一方、Coding Agent Indexではコスト効率に優れると報告されています。最大労力設定でGPT-5.6 Solとほぼ同じコストでありながら指数は2ポイント高く、1タスクあたりのコストはClaude Fable 5の半分以下とされます。汎用の推論力というより、特定の作業領域で強みを発揮するモデルとみられます。
| 項目 | 標準ハーネス | Provider Adapter harness |
|---|---|---|
| スコア | 62.7% | 99.9% |
| 実行コスト | 26,000ドル | 19,000ドル |
I've not tried it yet myself, so I don't have a great deal to say about it yet.

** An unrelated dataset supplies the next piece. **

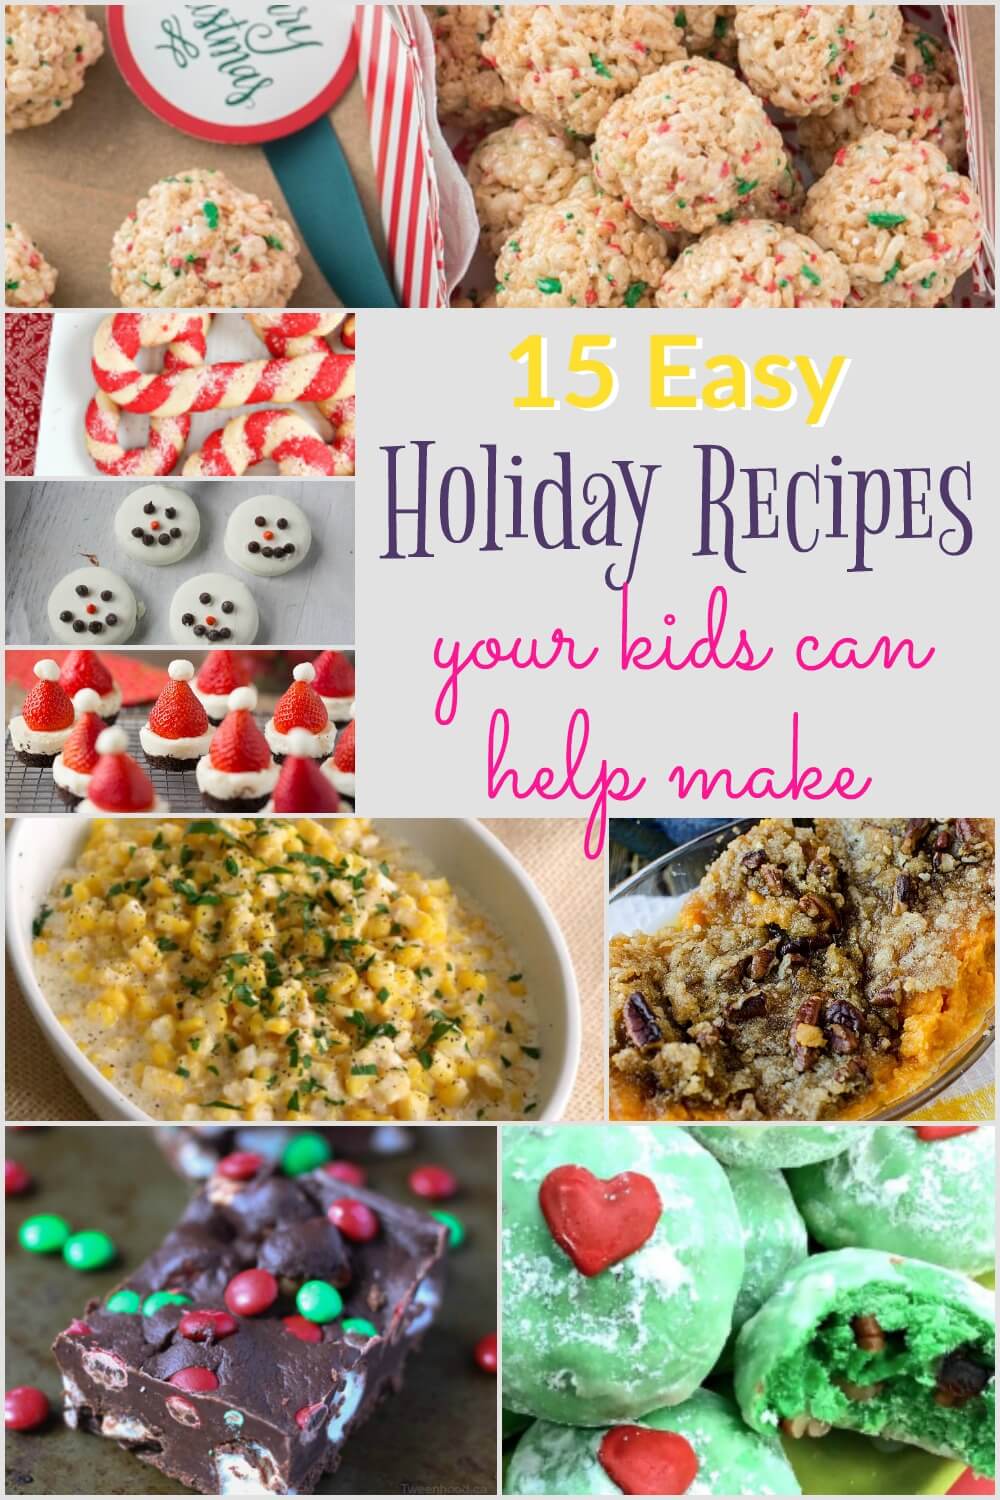 Whether you’re searching for a fun sweet treat to create with your kids or a delicious holiday side or snack that will teach your kids how to cook, there’s something for you on this list. These 15 easy holiday recipes your kids can help make will have your family working together to create something yummy in no time.

私はまだ自分で試していないので、現時点ではまだあまり語れることがありません。
今後の見通し
今回の発表では、OpenAIが提供する評価環境によってベンチマーク数値が大きく変わる点が浮き彫りになった。実運用での性能を見極めるには、Claude Fable 5のARC-AGI 3結果の公開や、標準ハーネスを使った追加の第三者評価が待たれる。AWSでの提供が始まれば、既存のクラウド基盤を使っている日本企業も評価しやすくなるとみられる。コーディングやセキュリティ用途での実測が進むことで、このモデルの位置づけが明確になるだろう。
日本の開発者・IT企業にとっての意味
日本のIT企業にとって、API価格が競合と同一である点は、コスト面の大きな障害なく複数モデルを比較できることを意味します。特にAWS経由での提供が予定されているため、既存のAWS契約を持つ企業は新しい基盤を用意せず試せる可能性があります。一方で、99.9%という数値が特定のハーネスに依存することが示され、ベンチマークだけでモデルを判断する危険性も再認識させます。自社のタスクに合わせて標準ハーネスや実務データで評価することが重要です。また、セキュリティ性能の向上は防御用途に貢献する一方、悪用の可能性も考慮したガバナンスが求められます。
気になる点
- GPT-6 Astraは日本国内から利用できますか?
- OpenAIの発表では、ChatGPT Plus/Pro/Business/Enterpriseユーザーと、OpenAI APIおよびAWSを通じて提供される予定です。ただし初日は限定組織向けで、数日かけて展開されるため、日本での利用可能時期は今回の情報からは確定できません。
- ARC-AGI 3の99.9%という数字は信頼できますか?
- この値はOpenAIが独自開発した「Provider Adapter harness」で計測したものです。同じベンチマークを標準ハーネスで測ると62.7%でした。スコアは計測環境に依存するため、99.9%だけでなく62.7%も併せて評価する必要があります。
- 既存のGPT-5.6 SolやClaude Fable 5から乗り換えるべきですか?
- Artificial Analysisのインテリジェンス指数ではAstraはSolと同点でFable 5.1より低く、必ずしも全ての面で上回るわけではありません。一方コーディングエージェントではコスト効率が良いとされ、用途に応じて選ぶのが妥当です。
用語解説
- ARC-AGI
- 汎用人工知能に近い推論能力を測ることを目的としたベンチマークシリーズ。ここでは2026年3月に公開されたversion 3を使用。
- ハーネス
- ベンチマークを実行するためのテスト一式やプログラム。同じモデルでもハーネスの実装次第でスコアが変わることがある。
- トークン
- テキストを分割した単位。およそ英語1単語が1〜2トークンに相当し、APIの料金はトークン数で計算される。
- リバースエンジニアリング
- コンパイル済みの実行ファイルなどを解析し、動作や構造を推測すること。セキュリティ分野で重要なスキルとなる。
- 長文コンテキスト
- モデルが一度に扱える入力・出力の長さ。この記事では最大1Mトークン規模のテストを指す。